Loganathan Tamizhini T, Madhulekha S S, Zayed Hatem H, C George Priya Doss GPD
Systemic lupus erythematosus (SLE) is a complex autoimmune condition characterized by multifactorial pathogenesis involving dysregulated immune responses. It has been associated with an elevated risk of various cancers, notably cervical cancer (CC), one of the most common cancers in women globally. Despite this association, the molecular mechanisms linking SLE and CC remain incompletely defined.

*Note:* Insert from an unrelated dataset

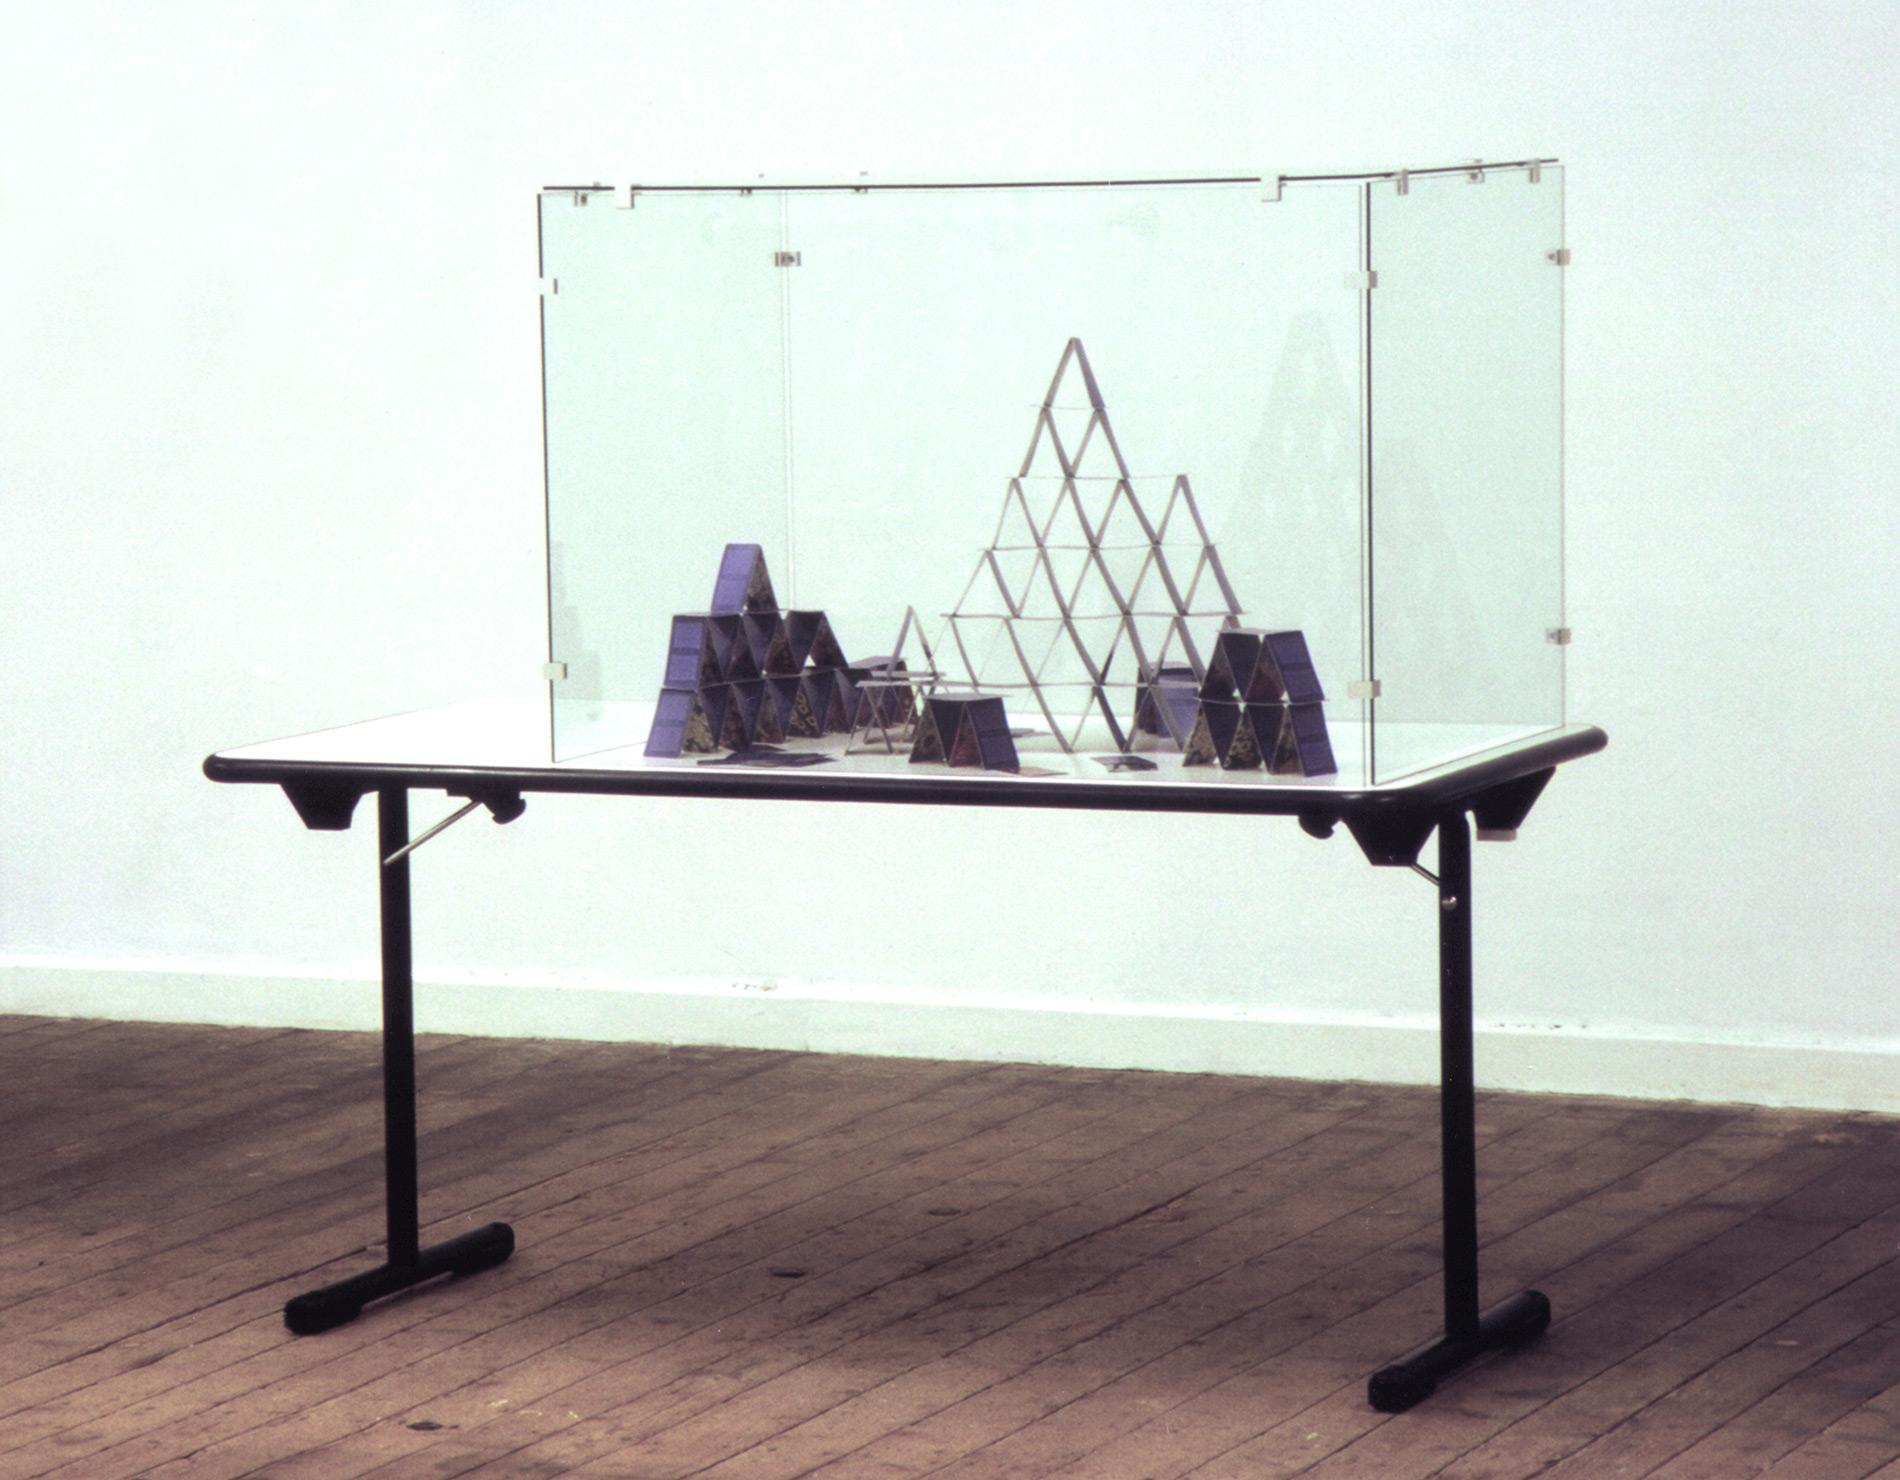 Michael Göbel - Geduldsspiele: Kartenhaus, 2001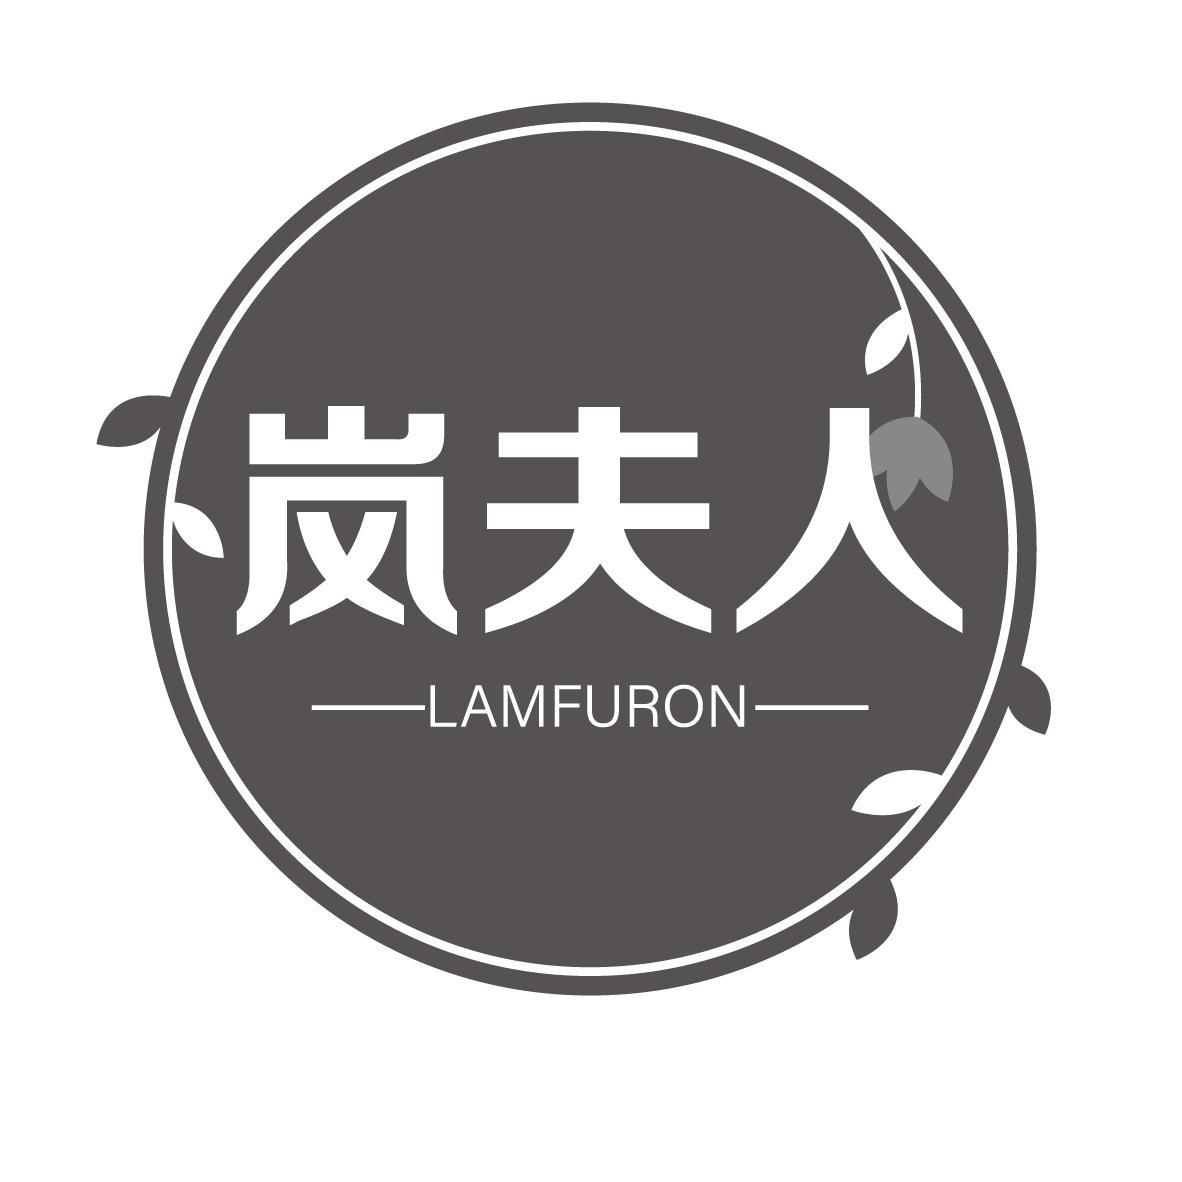 转让商标-岚夫人 LAMFURON

To investigate this intersection, we employed integrative bioinformatics approaches to analyze transcriptomic datasets relevant to both SLE and CC, including GSE112087, GSE154851, GSE46907, GSE49454, GSE50772, GSE63514, GSE64217, GSE63678, GSE7803, and GSE9750 . We performed differential gene expression analysis, constructed Protein-Protein Interaction (PPI) networks, and carried out functional annotation to pinpoint pivotal hub genes and signaling pathways implicated in both diseases. Our analysis revealed significant differentially expressed genes (DEGs) in SLE, predominantly associated with cytokine and interferon alpha/beta signaling pathways, as well as the innate immune response. Notable hub genes included MX1, ISG15, and STAT1. In CC, DEGs were chiefly enriched in the mitotic cell cycle and cytokine signaling processes, with CDK1 and DLGAP5 standing out as key hub genes. The cross-disease analysis identified shared DEGs between SLE and CC, particularly in the interferon-alpha/beta and cytokine signaling pathways. This suggests a shared molecular architecture that underlies both autoimmune and cancer pathogenesis. Our study underscores the common molecular pathways between SLE and CC, highlighting the significance of interferon and cytokine signaling in the pathogenesis of both diseases. These insights set the stage for future research into potential therapeutic targets for the treatment of both SLE and CC.